··· Data excerpt ···
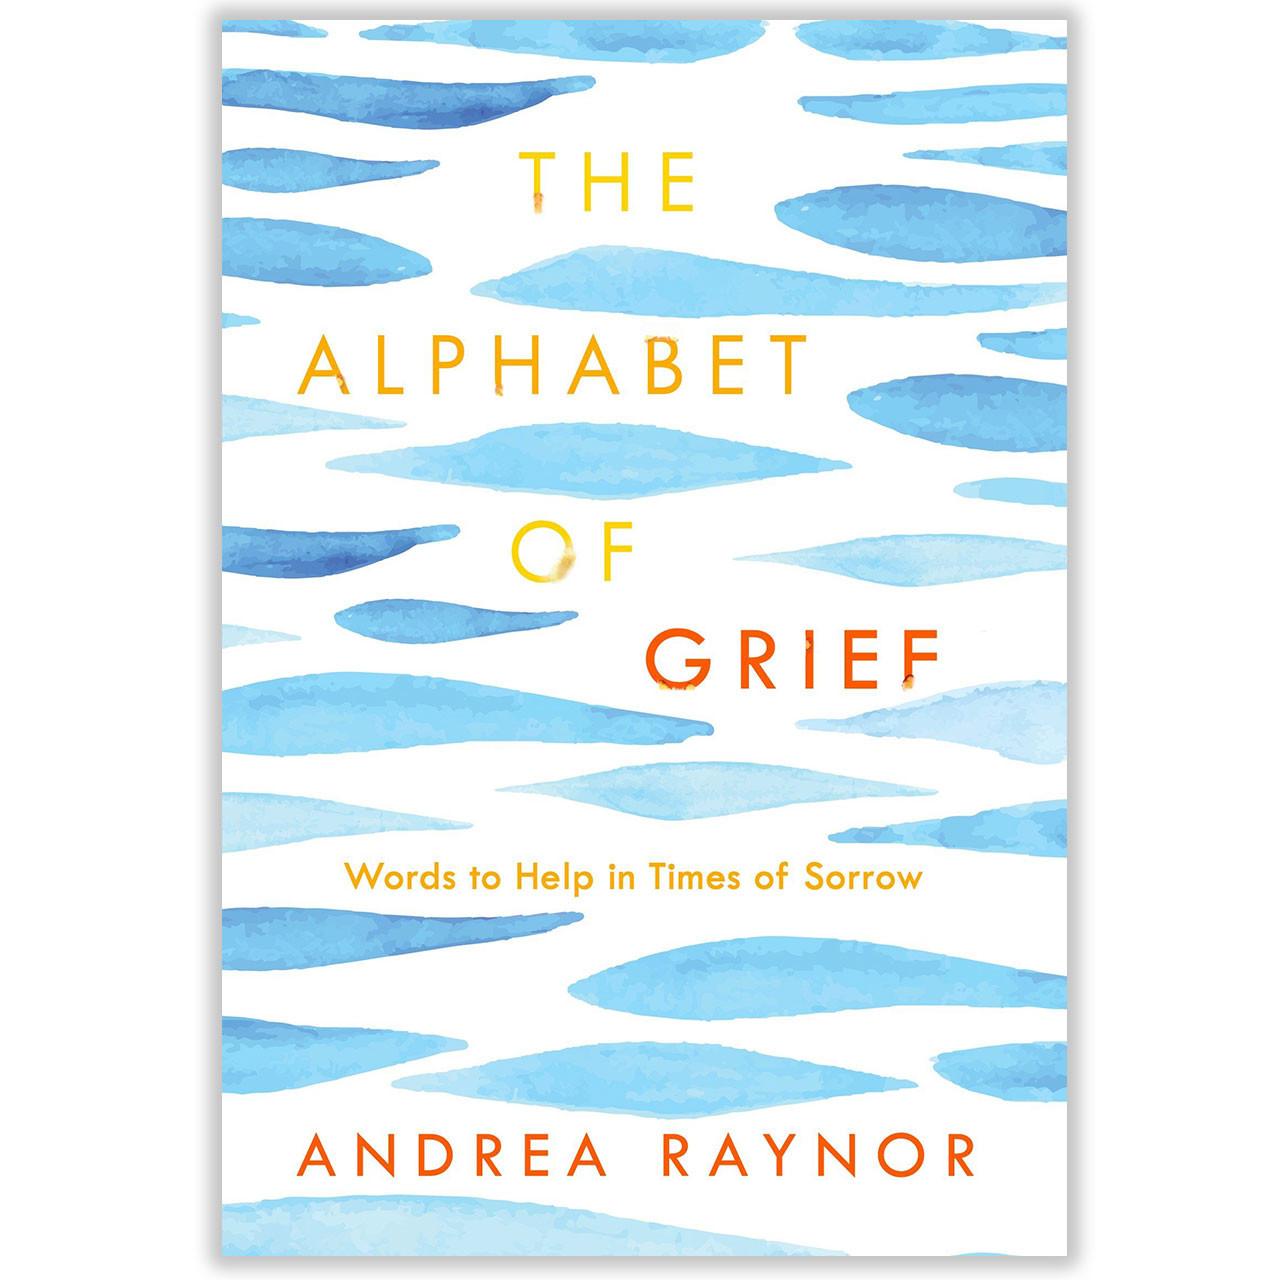 The Alphabet of Grief
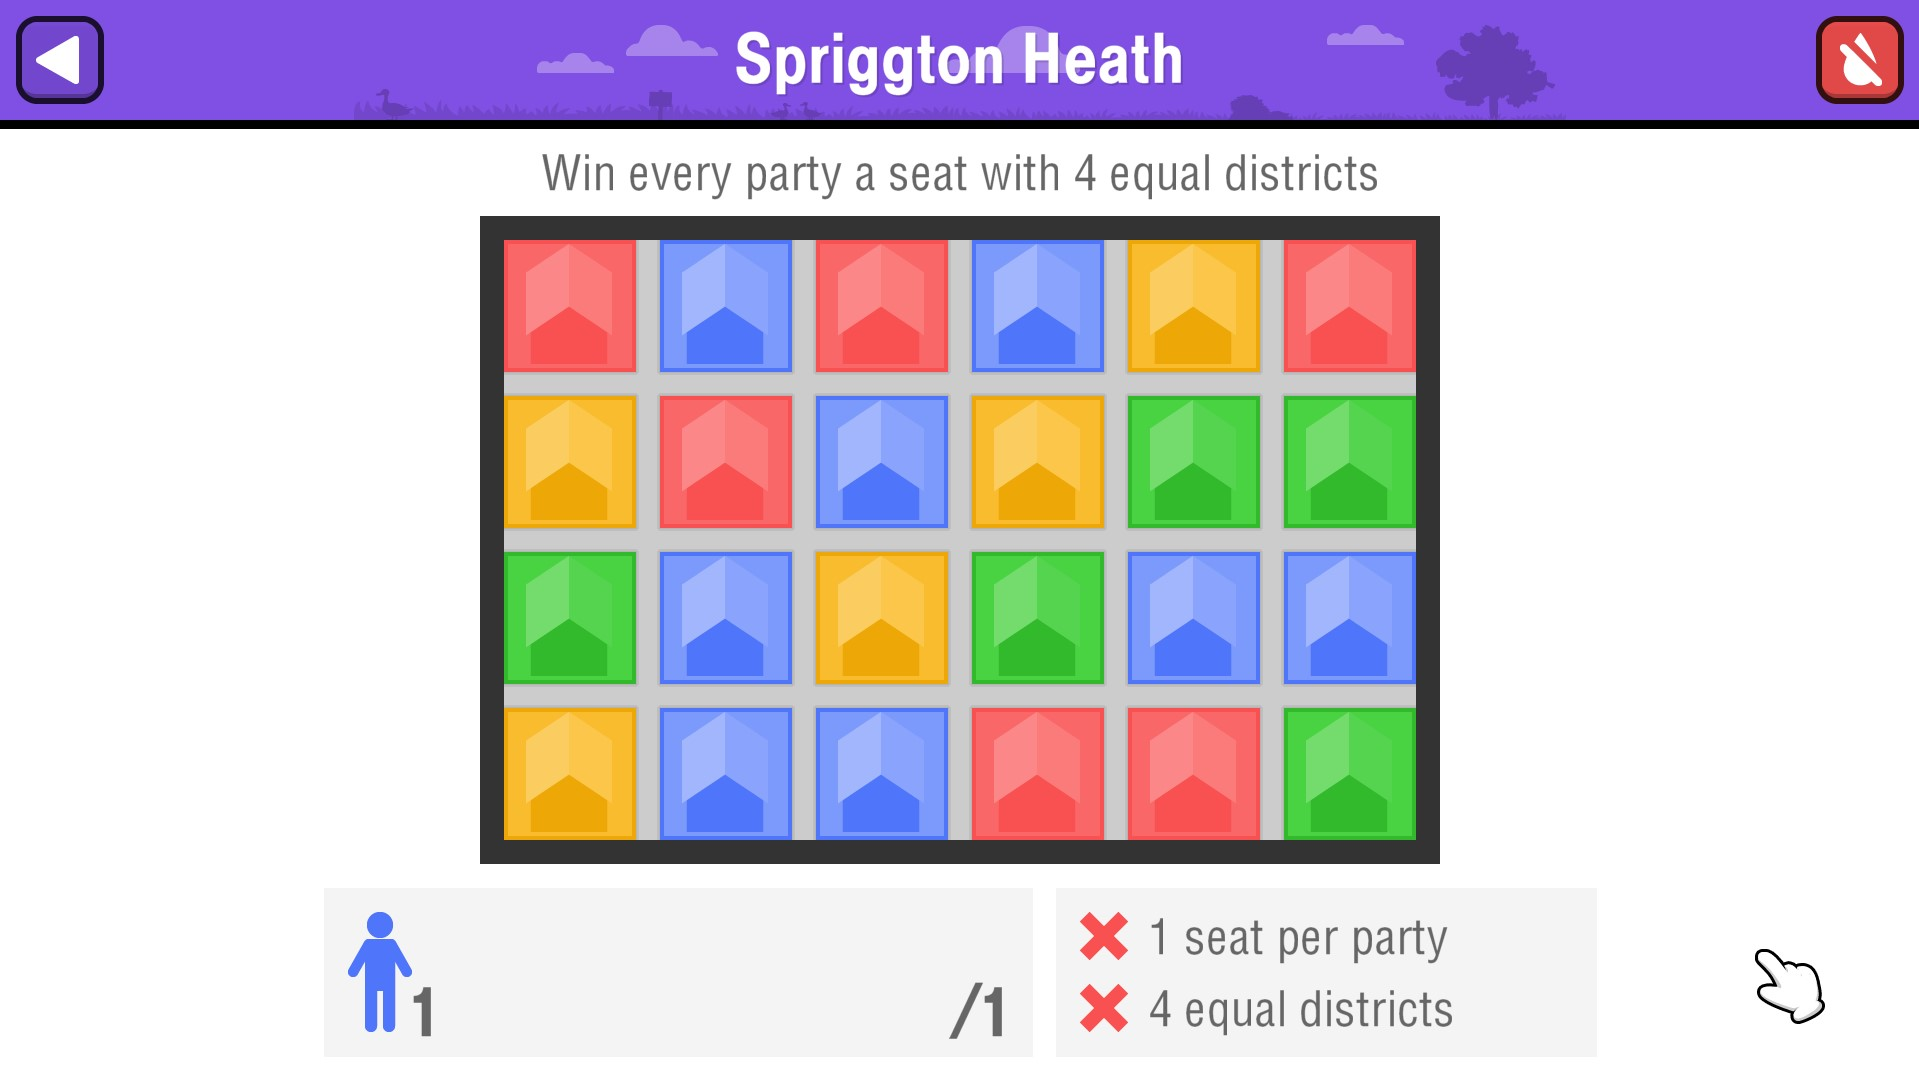 Spriggton Heath
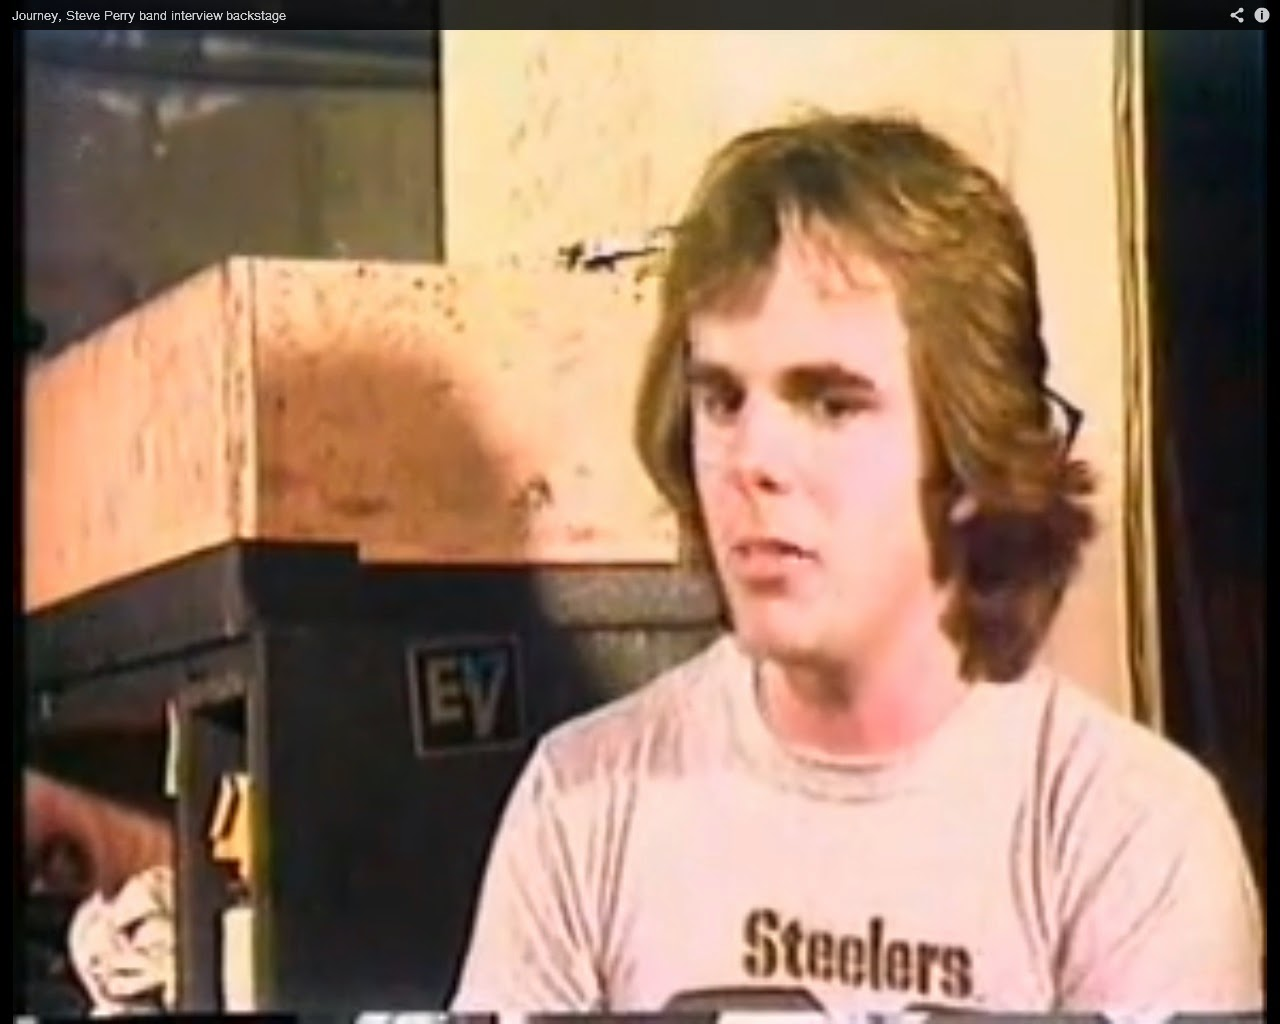 Jonathan Cain Wearing Steelers Shirt
···
Exact transcription of the full listing above is required; images do not belong in it.

Answer box.
 The Alphabet of Grief
 Spriggton Heath
 Jonathan Cain Wearing Steelers Shirt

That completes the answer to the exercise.